The language has direct support for versions of data structures and calculations that represent their evolution over time. The visibility rules and the type checker ensure static correctness and report error messages in terms of these versions (and not general, low-level type-y stuff). A library-based solution using a general-purpose language cannot do that. The IDE also has dedicated support for versioning: if the user selects a data structure, the IDE shows all overrides of the calculations that compute this structure in all versions of the system.

The second dimension of variability, the 16 German states (and in some cases, other geographic/governmental structures), is also supported first-class. Implementing this variability with conditionals in the calculation code quickly gets out of hand.

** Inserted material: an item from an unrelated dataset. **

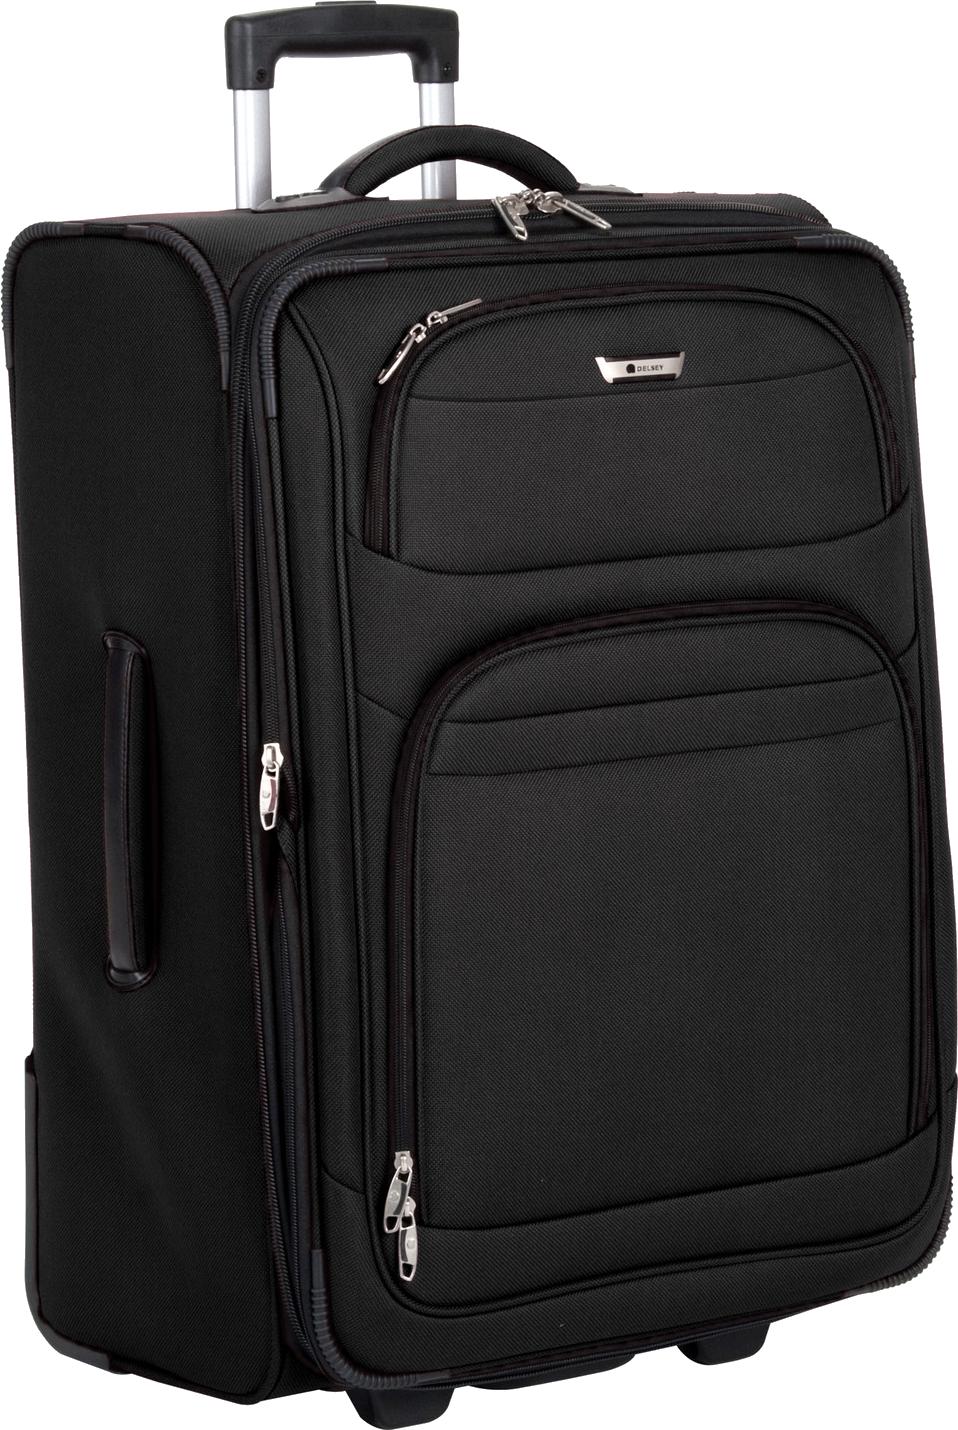 Black luggage PNG image

Finally, you can imagine that testing such systems isn’t easy, because, as part of a test case, you have to set up timelines of changing data. Which is why the DSL has special syntax for this, taking into account the special scoping and static type checking.

Two more concerns drive the use of a DSL, although these are really motivated technically: since the execution model is incremental (when data becomes available or changes, the dependent results have to be (re-)calculated), we have to ensure that all computations are expressed functionally with clear dependencies, at least at the top level. The language enforces this. Finally, the system (or parts of it) should be able to run on different platforms. So expressing the Fachlichkeit independent of particular programming languages and technologies is crucial; this is one of the generic benefits of using DSL in general.

Take-Away Points

Here is the crucial observation: the complexity in the salary/tax domain does not lie in the calculations themselves. Instead it hides behind a set of “non-functional” requirements. I am putting “non-functional” in quotes because these are non-functional requirements that are not technically motivated (like performance, scalability or data privacy). They are an inherent part of the domain, but they are not as apparent like those complex decisions in the medical companion apps.

The complexity may hide so well that the people in the domain aren’t necessarily aware of it. I know of a dev team that did a “Java prototype” that, in terms of Fachlichkeit, literally multiplied three numbers. To be fair, the prototype was about infrastructure (micro-services, Spring vs. JavaEE, web-technologies), but nonetheless, it failed to address the (hidden) herd of elephants in the room.

Two final remarks. Once again it turns out that the act of building a DSL that makes these hidden complexities apparent is a great way of discovering, understanding, discussing and trade-off-ing these complexities. It’s probably worth doing even if we threw away the language itself later!

And a word about language development effort. If the domain is so complex that you need special data types and temporal arithmetics and versioning and complicated visibility rules and domain-specific type checkers and incremental computation … isn’t it a bit of a stretch to think you can implement a DSL for the domain? After all, no general purpose language has such “advanced” features. Well, of course, that is the point with DSLs: you can compromise in other areas of the language, making the overall effort acceptable. We spent only a few weeks on building the basic temporal/versioning infrastructure. And what’s the alternative? Relying on domain experts and programmers to use Word and Java to tackle this complexity without tool support? Hardly!